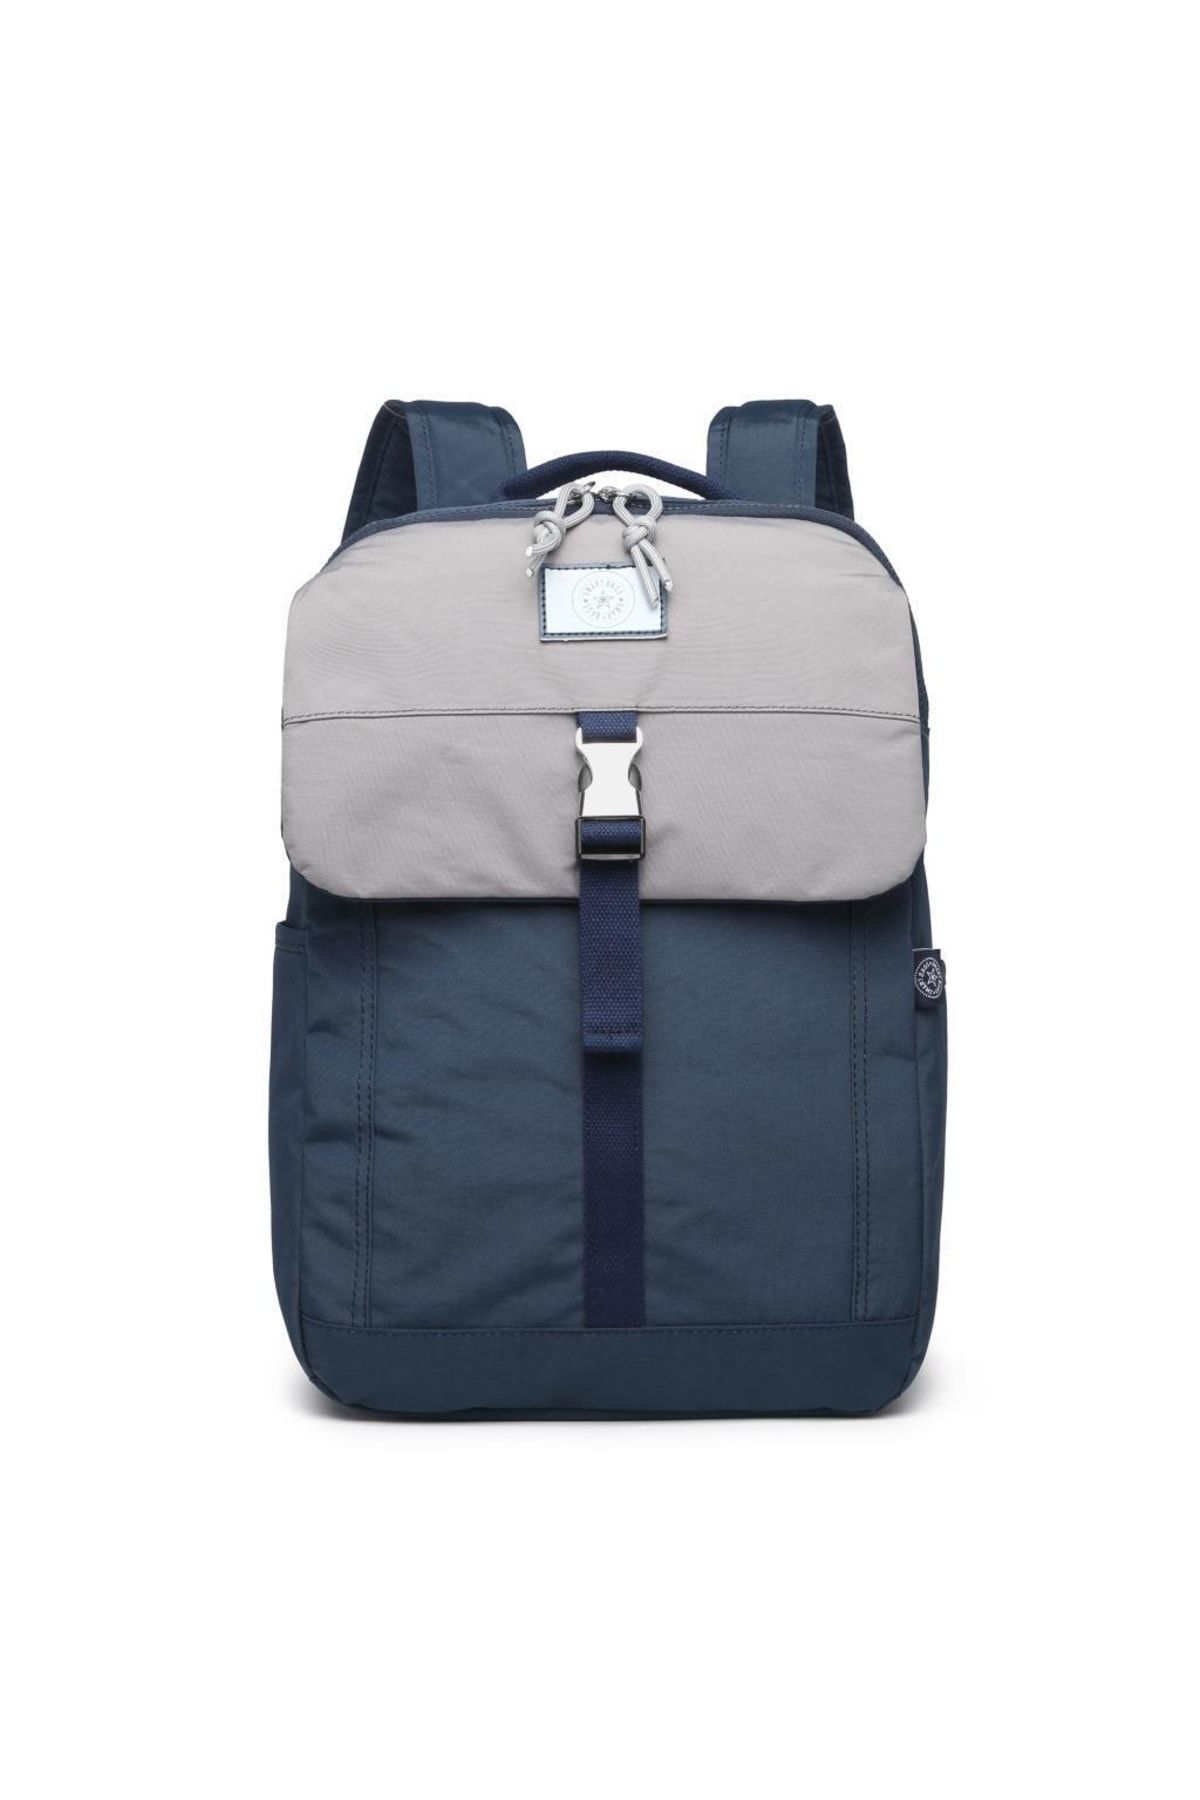 Smart Bags Uniseks Sırt Çantası Büyük Boy Renkli Tasarım 3183
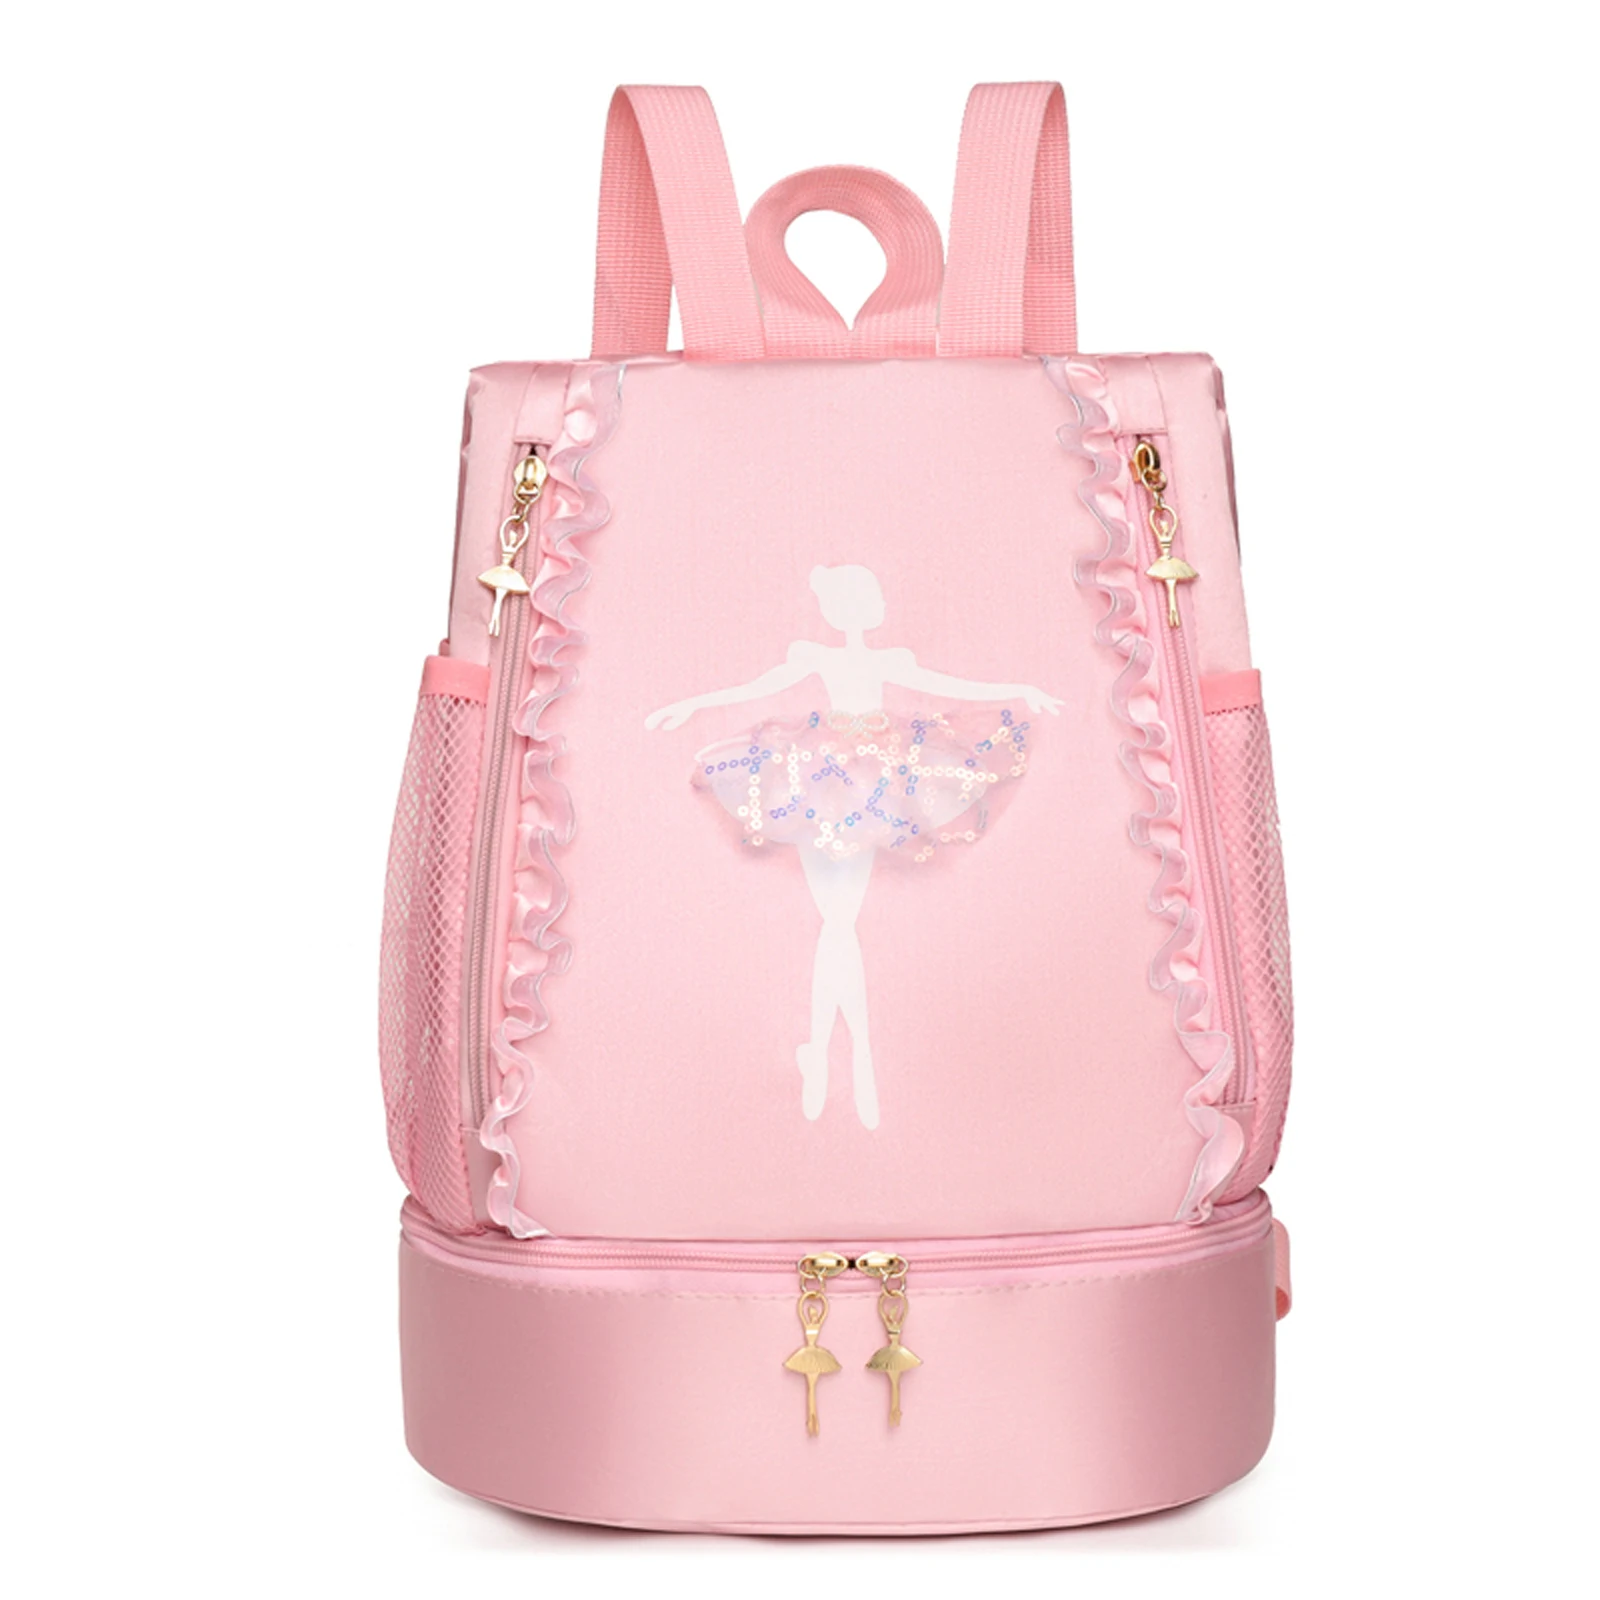 Lace Edge Letter Print Dance Bag for Kids Girls Latin Ballet Sports Dance Bag Double Shoulder Storage Backpack Ballerina Bag New
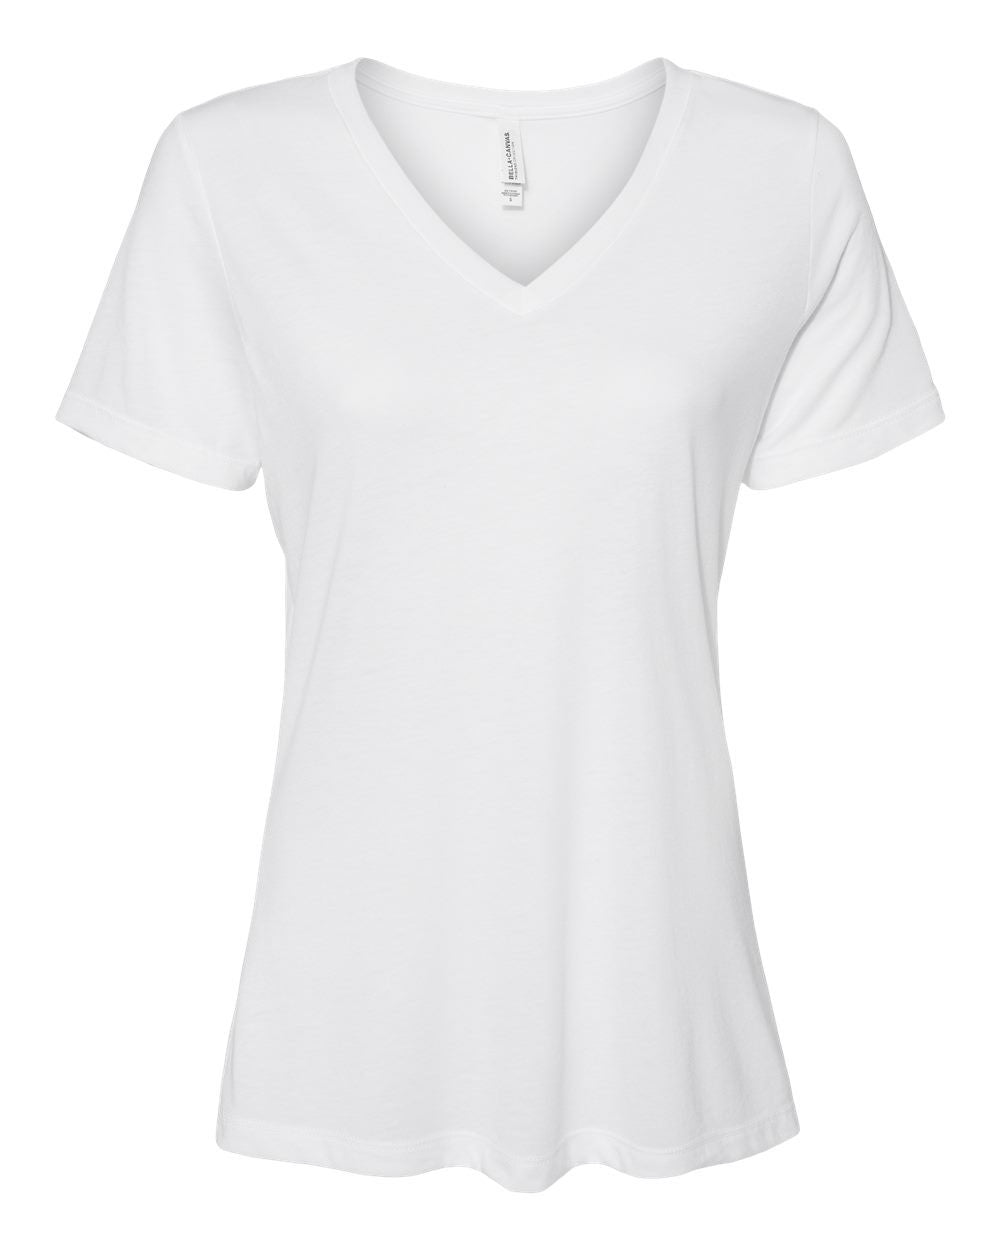 Titan Elite Design 2 V-neck T-Shirt

What you will do: Copy exactly, please, the lines that run from the line holding "Lace Edge Letter" through the closing line of the material above, omitting every picture.

Finished task:
 Lace Edge Letter Print Dance Bag for Kids Girls Latin Ballet Sports Dance Bag Double Shoulder Storage Backpack Ballerina Bag New
 Titan Elite Design 2 V-neck T-Shirt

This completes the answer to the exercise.